I have been quietly treating these people for years. I often can see early on what the patient herself cannot: that her struggles with self-discipline are rooted in her Emotional Neglect. Most people don’t realize that we humans are not born with the ability to structure ourselves. Nor are we born with a natural ability to make ourselves do what we don’t want to do. In fact, quite the opposite. We learn this skill from our parents. As a child, each time your parents called you in to dinner, interrupting your play with the neighbor kids, made you take a bath, clear the table, clean your room, brush your teeth, hang up your clothes, weed the garden or empty the dishwasher, they were teaching you the two most vital aspects of self-discipline: how to make yourself do what you don’t want to do; and how to stop yourself from doing what you do want to do.
Mr. Gray has helped me to recognize that these two most basic skills of self-discipline are not solely a function of childhood parental training. A sense of purpose is also an essential ingredient. Mr. Gray maintains that it is an individual’s personal purpose that drives him or her to make the choice to do things that are unpleasant, boring, or scary. That purpose has to be driven by feeling, not logic, or it will not be strong enough to do the trick. Logic is not a great motivator, whereas emotion is.

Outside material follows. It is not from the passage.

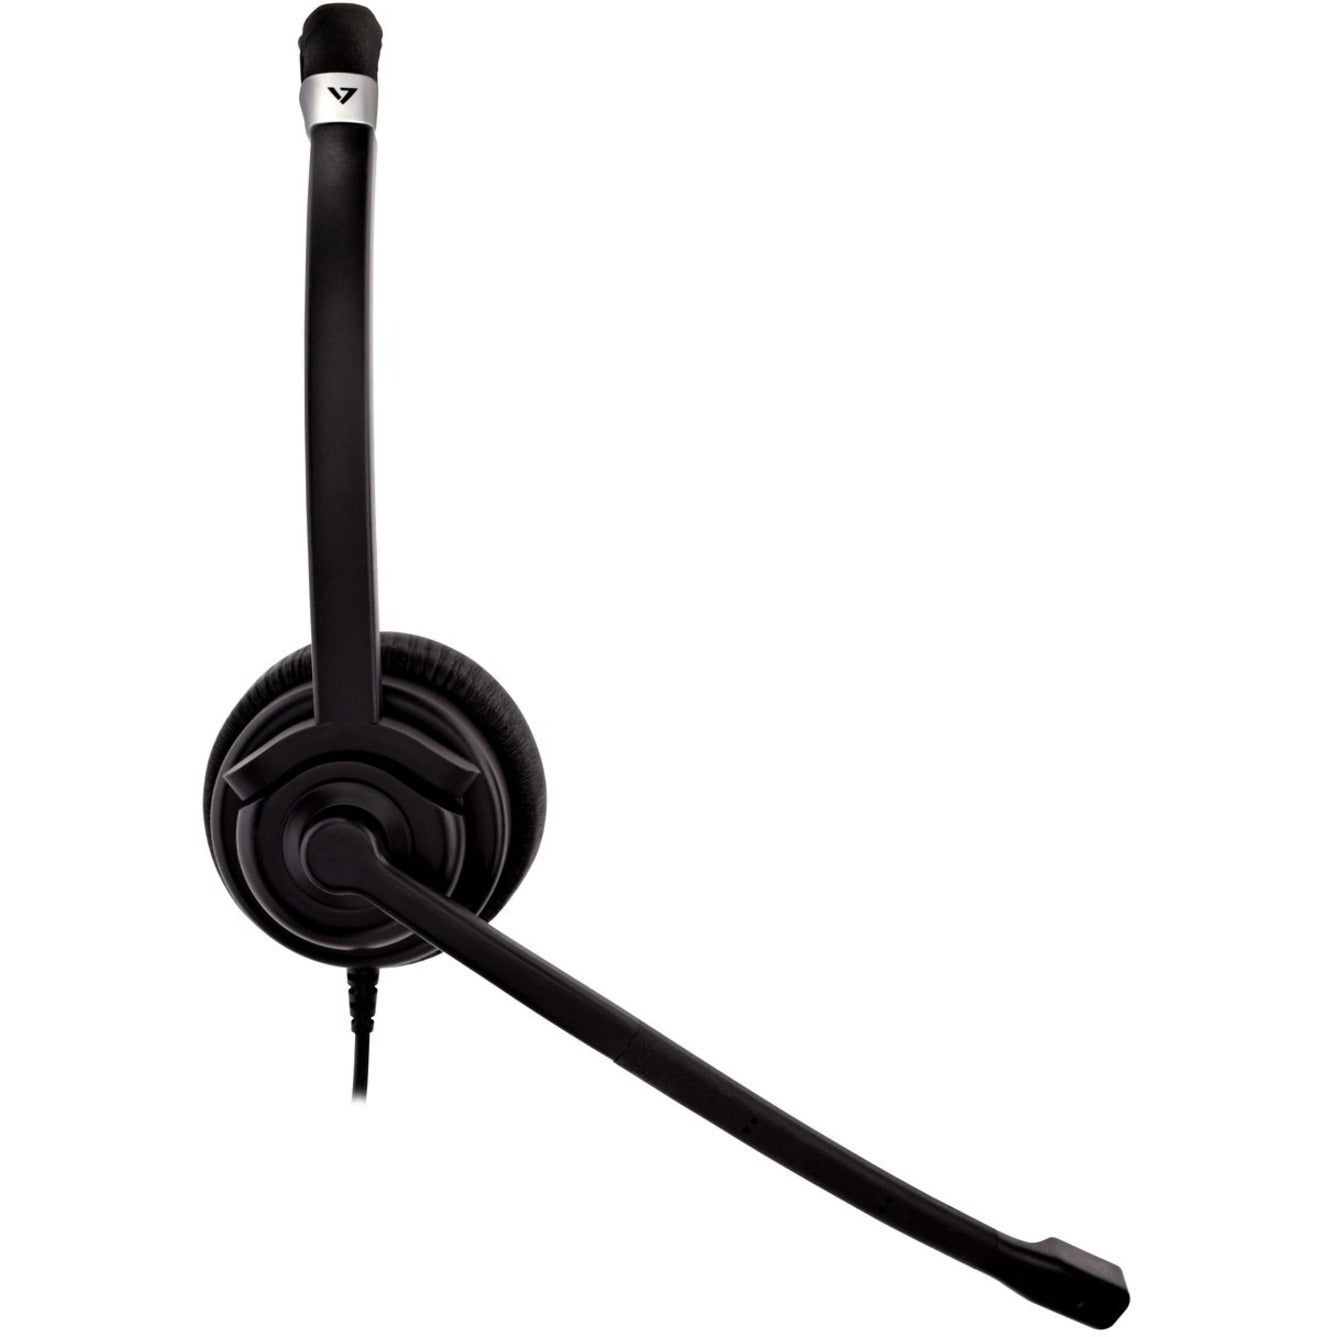 V7 HU411 Deluxe USB Mono Headset with Boom Mic, Over-the-head, Noise Cancelling, 2 Year Warranty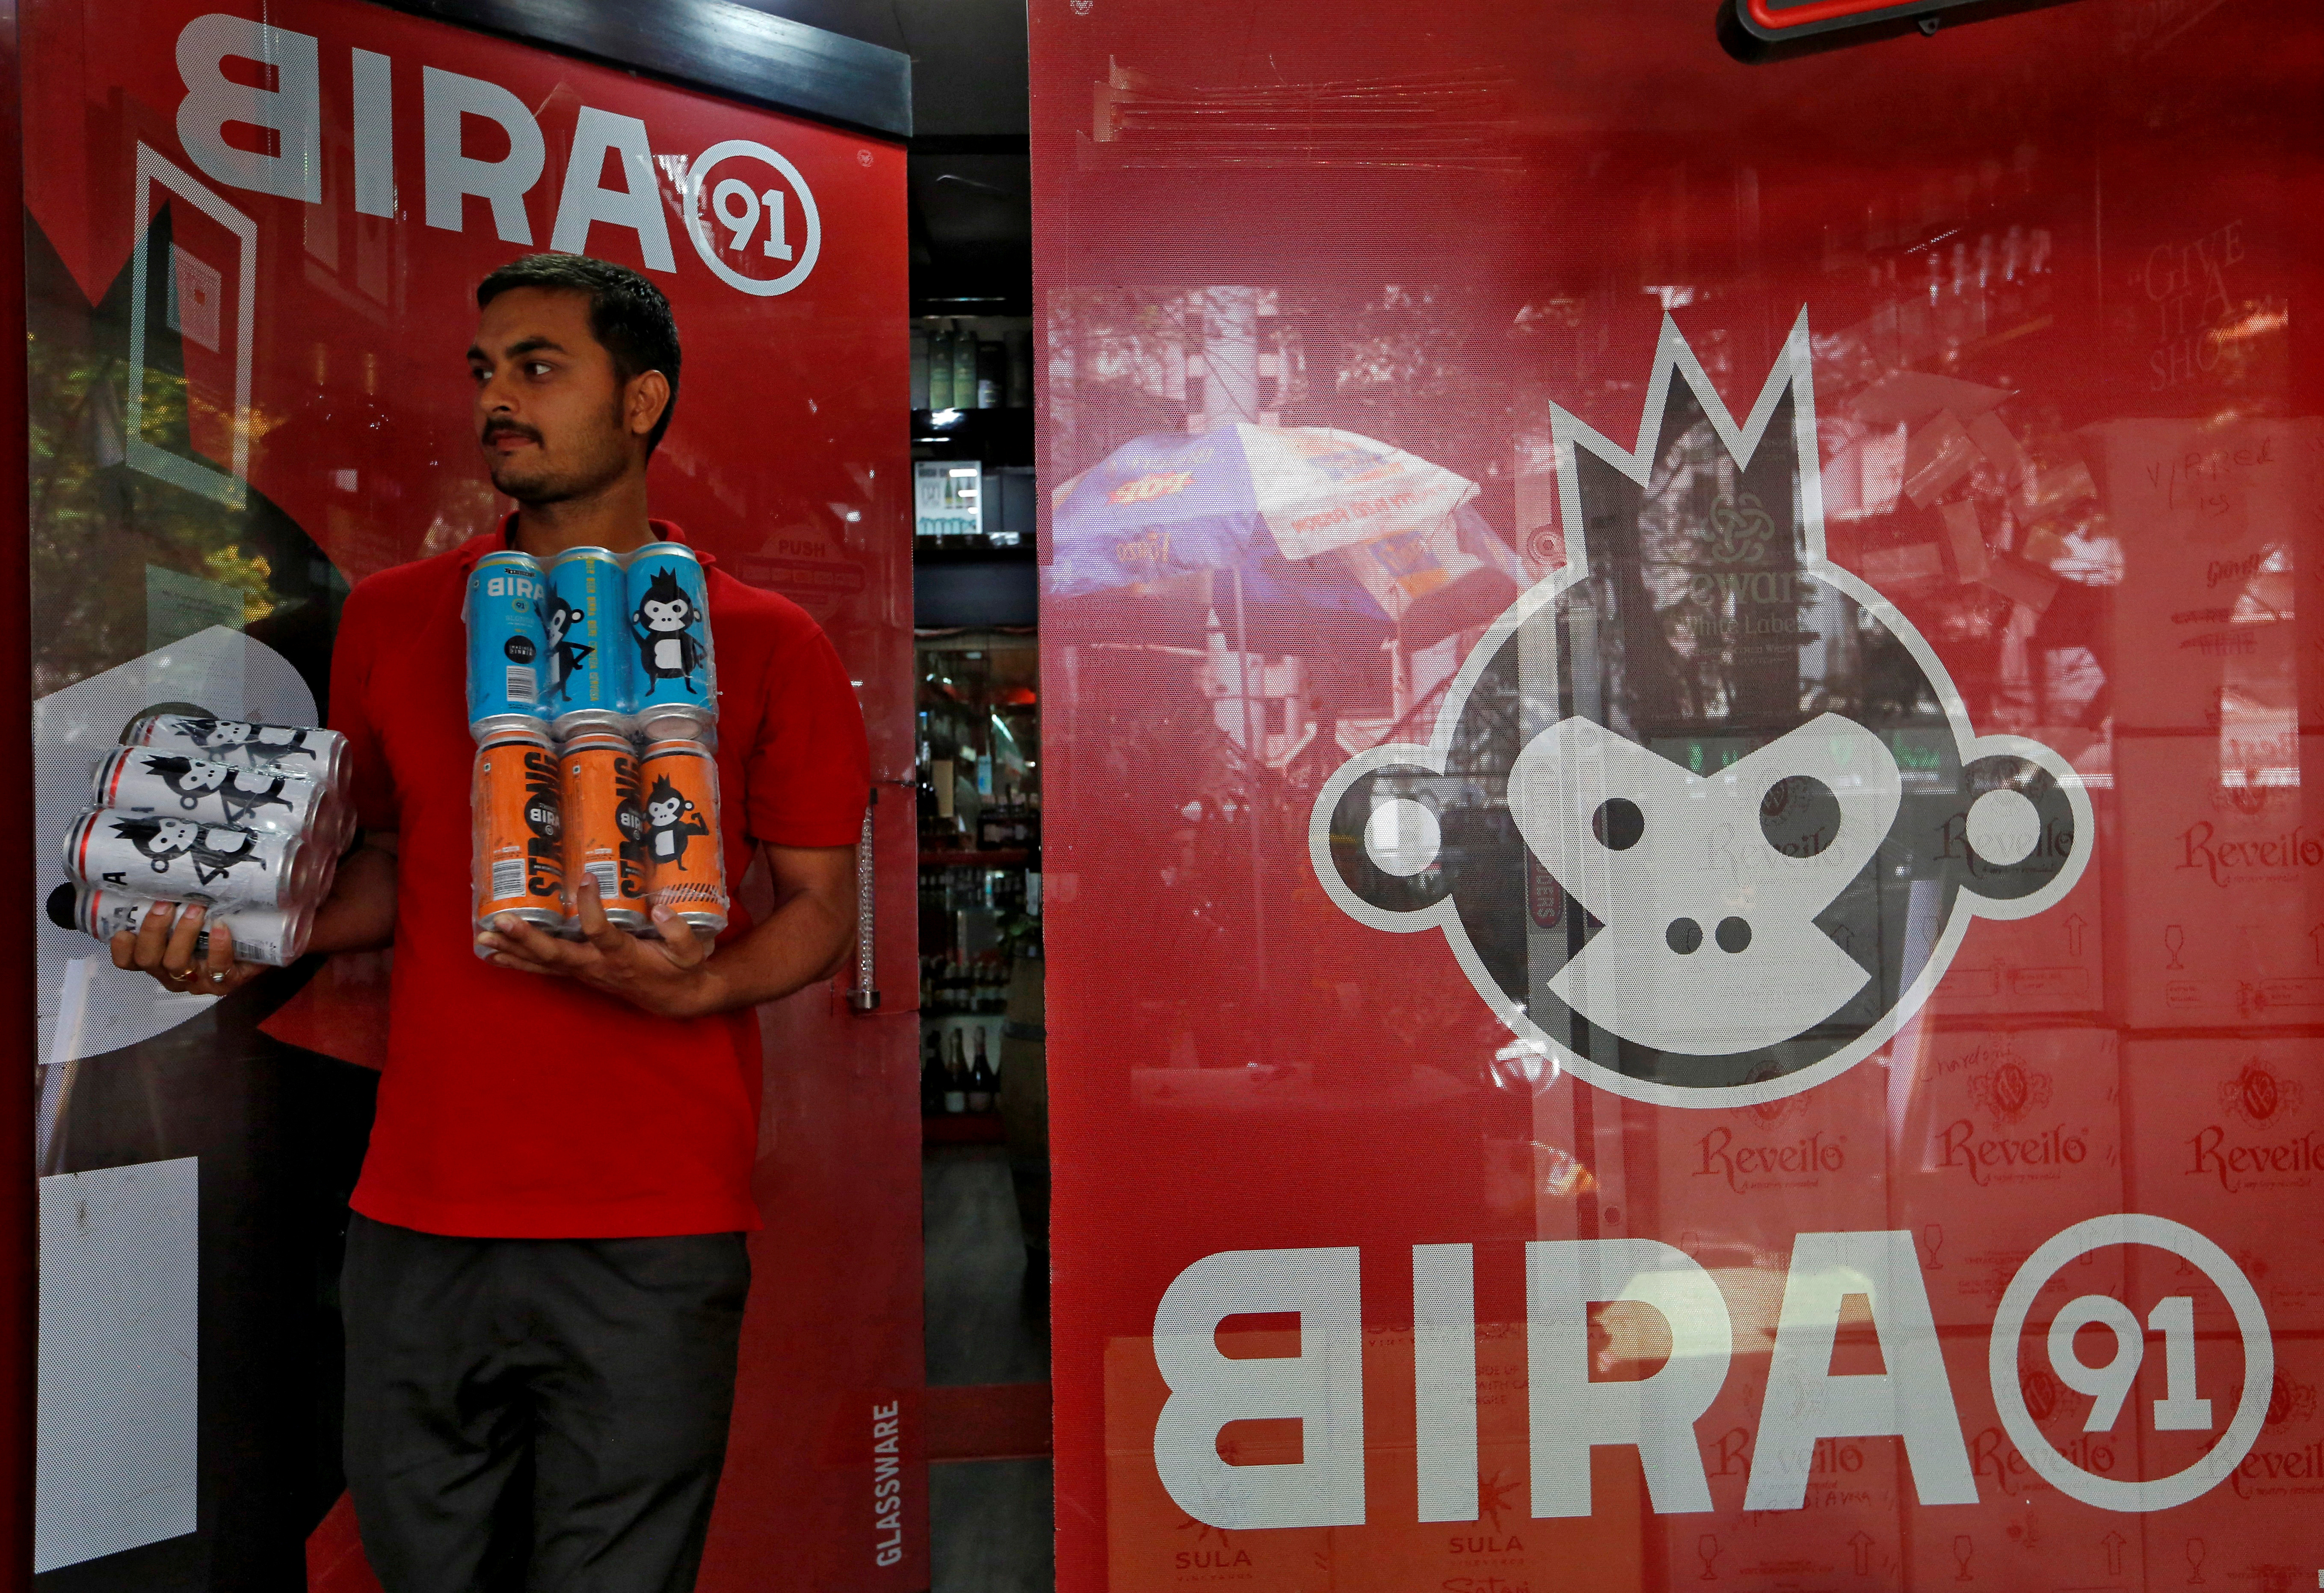 An employee carries Bira beer cans to deliver them to a customer at a liquor store in Mumbai

Now I realize that beyond helping people stop the self-blame and learn how to make themselves do what they don’t want to do, I also have to help them find their purpose. What do you feel passionate about? What do you really care about? Because once you find what you truly want and desire, your passion will motivate you far beyond what you think you need. And then you will be better able to make yourself do things that you don’t want to do.
I highly recommend reading Mr. Gray’s speech. It is beautiful prose, written in 1940’s (i.e., sexist) style. I suggest that you ignore that part, read, enjoy, and learn.